今年は、例年になく雪が少なかったこともあり、多くの皆さんが一日も早い
有峰林道の通行再開を待ちわびておられたことと存じますが、おかげをもち
まして、例年より早い5月26日から通行を再開できることとなりました。
 また、ビジターセンターは5月26日から、有峰ハウスは6月1日から営
業を開始いたします。今年も多くの皆様のお越しを心からお待ちしています。
 ここ有峰は、森林美に包まれ、命の息吹、共生と循環、自然への畏敬の念
を感じ取ることができる癒しの空間として、多くの皆さんに親しまれています。
こうした美しい森林を保全し、後世に伝えるため、平成14年7月に「水と緑
といのちの森を永遠に」を基本理念とする有峰森林文化村が設立され、有峰
を愛する人々が村民となって、様々な活動を展開してまいりました。
 今年も具体的な活動として、豊かな自然のなかで憩い、楽しみながら自然
を学び、みんなが力を合わせて森林を守っていくために、
①「憩う」という観点から、森林浴やオカリナコンサートを楽しむ「日帰り
 語り部講」、「家族で遊ぼう」や「家族でふれあい有峰自然体験」、
②「学ぶ」という観点から、有峰の動植物について研究する「ありみね高校
 生学びの森」、山菜やキノコを学習する「春及び秋の恵みの集い」や有峰
 の自然を体感したことを俳句に詠む「有峰俳句の会」、
③「守る」という観点から、有峰村民がキャンプ場の草刈をする「村仕事の
 集い」、樹木の生長を観測する「愛着の森」や自然の愛護及び利用に対す
 る指導などの活動を、ボランティアの「有峰森林レンジャー」のご協力の
 もと行ってまいります。
 こうした活動にご理解をいただき、本年4月末には843人の方に有峰村民に
登録いただいております。

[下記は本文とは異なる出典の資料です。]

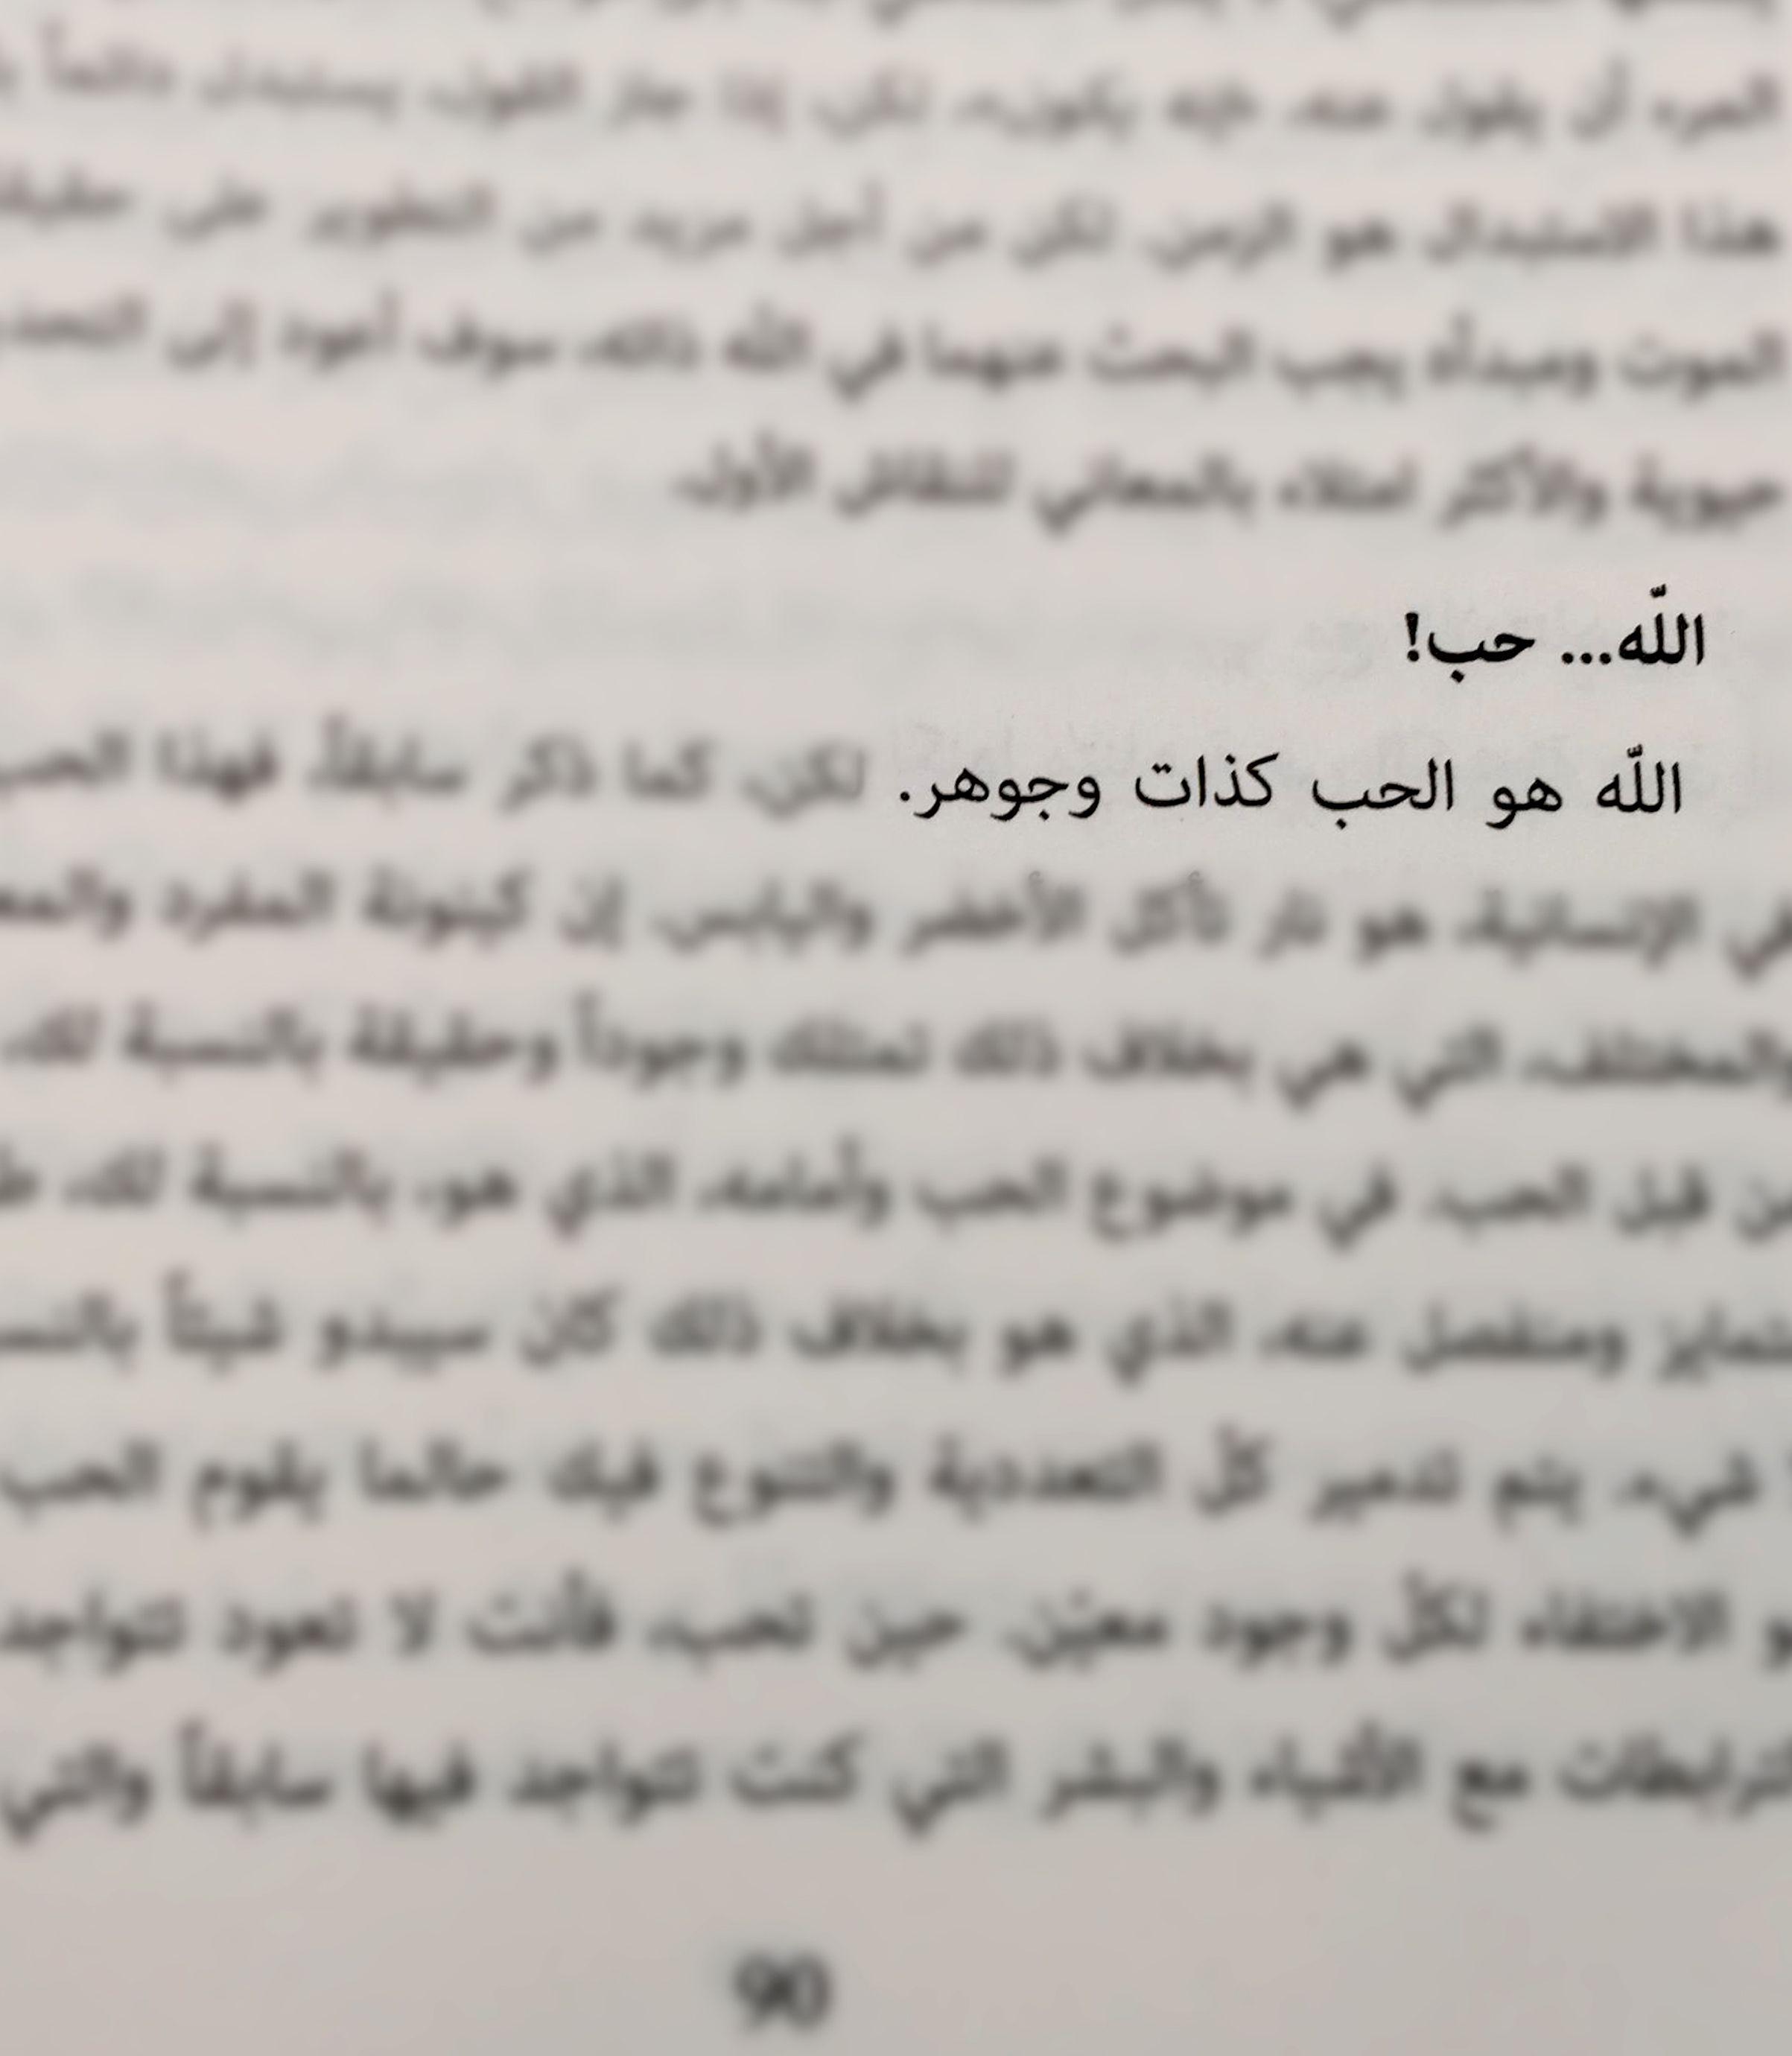 من كتاب أفكار حول الموت والازلية للمؤلف لودفيغ فوي رباخ إقتباسات Math Quotes Math Equations

今年もさらに多くの方にご登録いただき、様々な
活動にご参加いただければ幸いに存じます。
 さて、県では「富山県森づくり条例」に基づき、県民参加の森づくりを進
めているところですが、県立自然公園にある有峰の森は、先代が築き上げて
きた貴重な財産であり、寄せられる期待は非常に大きなものがあります。
今後とも、皆さんから貴重なご意見やご提言などをいただきながら、有峰の
森を守り、育て、しっかりと後世に残してまいりたいと考えていますので、
有峰村民をはじめ県民の皆さんのご理解とご協力をお願いいたします。
 有峰の森は、春の新緑、夏の深緑、秋の紅葉と様々な顔を見せ、私たちの
心を癒してくれます。大自然を肌で感じ、元気を得る場として、多くの方々
に利用していただくことを心から祈念しています。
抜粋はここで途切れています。